- Да. А теперь мы пришли сюда, чтобы добавить всем головной боли, потому что ее у вас так мало!
Мужчины улыбнулись друг другу и продолжили говорить о своих воспоминаниях и близких. А какой разговор о близких без женщин?
- Ты в свободном полете? – спросил король и тут же шутливо замахал руками. – Только не надо опять про Сталхарду, про нее уже все слышали!
Гриффиндор посмеялся.
- Да. Увы, красоток в Камелоте много, а вот моей все нету! – припомнив щепетильный вопрос, который долго мучил его любопытство, рыцарь попытался вспомнить, как люди бывают тактичными и изворотливыми. – Вот ты – среди принцесс выбрал служанку.
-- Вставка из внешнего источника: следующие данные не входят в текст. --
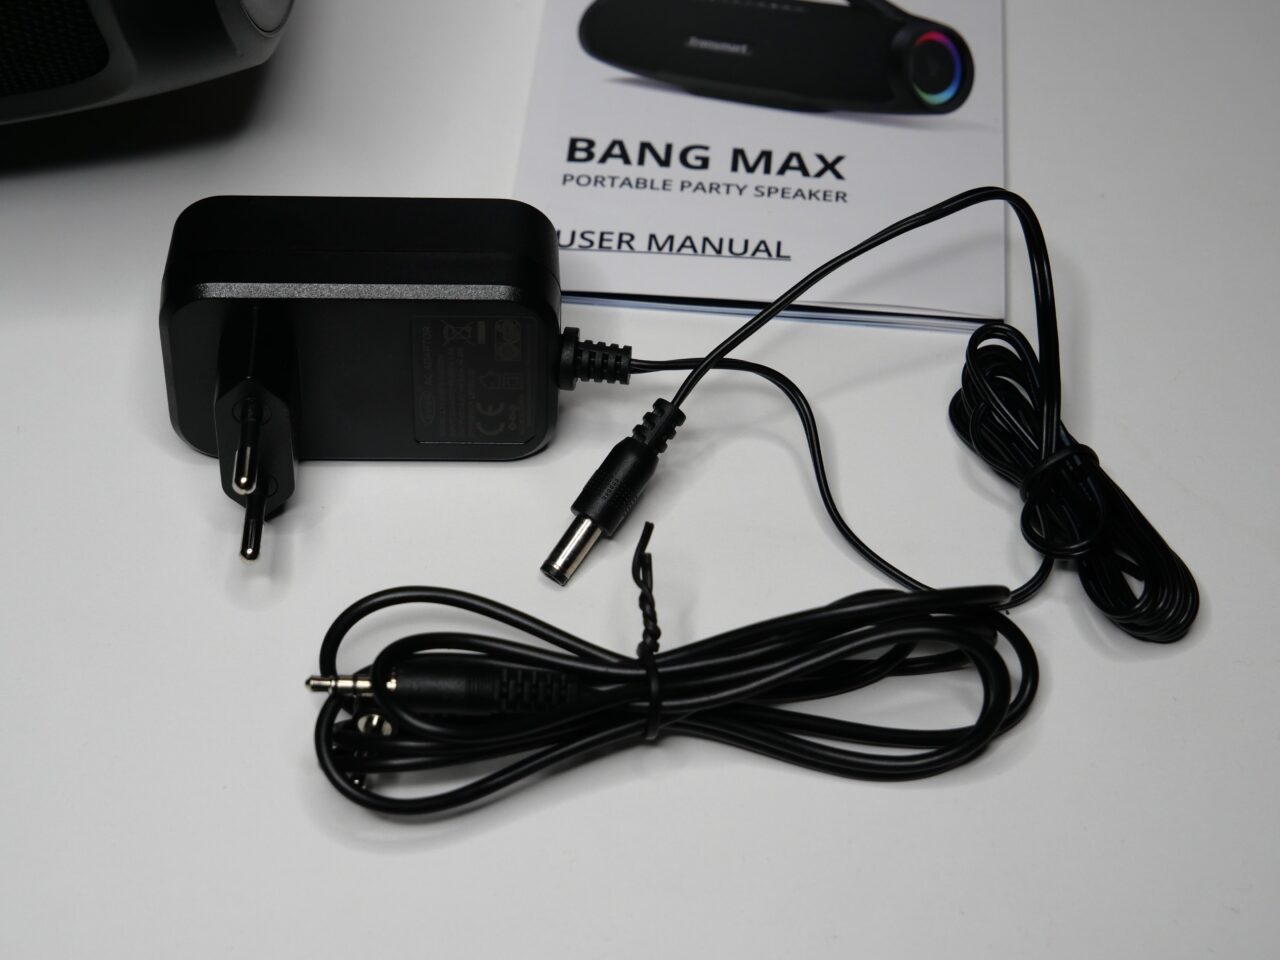 Czarny zasilacz sieciowy oraz przewód ze złączem typu jack na białym tle obok instrukcji obsługi głośnika przenośnego BANG MAX.
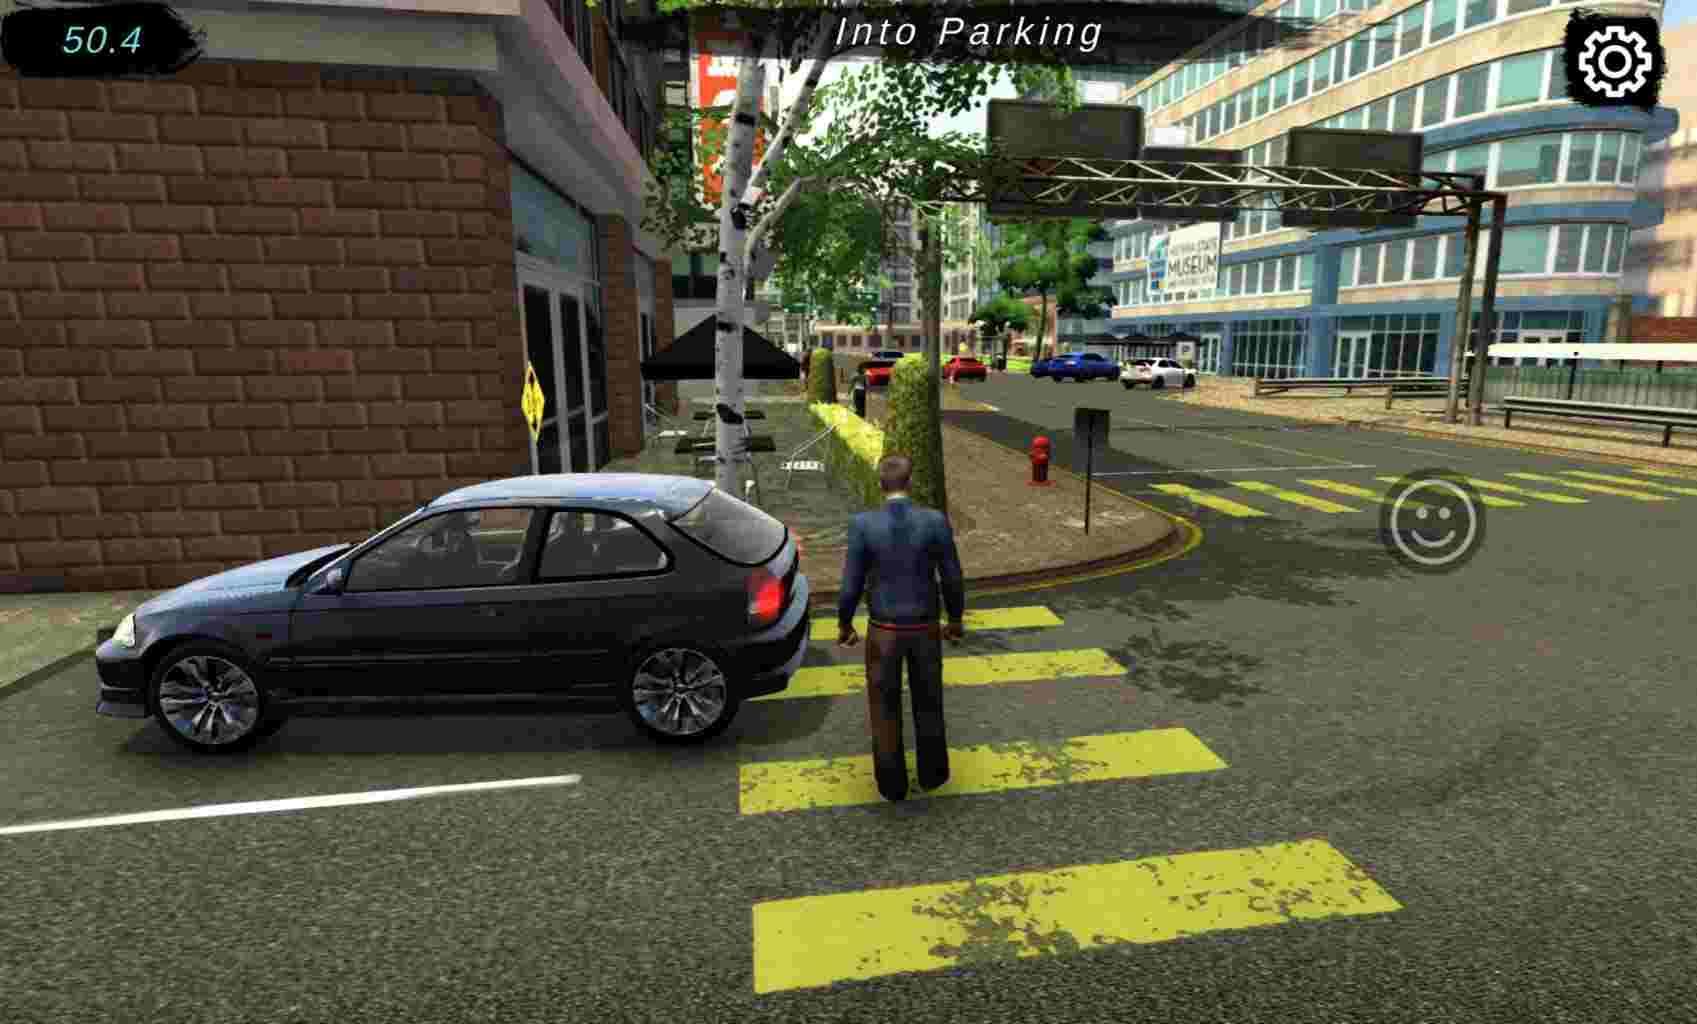 Car parking multiplayer mod apk v4.5.5 hack

Разве это не было проблематично?
Выражение глаз Артура мгновенно поменялось, будто он съел только что что-то невероятно вкусное.
- О-очень. Но происхождение никогда меня не заботило. Лучшей королевы, чем Гвиневра, не могло быть.
- А как...
В этот момент в комнату зашел Мерлин, и Годрик даже мысленно поблагодарил его, потому что это остановило его ужасный язык, который никогда не уставал говорить нетактичные вещи прежде, чем его мозг успевал подумать о том, что это неправильно. Мерлин, между тем, обвел обоих собеседников взглядом.
- А мы тут по душам говорили, – откомментировал Гриффиндор. Мерлин вскинул брови в притворном изумлении.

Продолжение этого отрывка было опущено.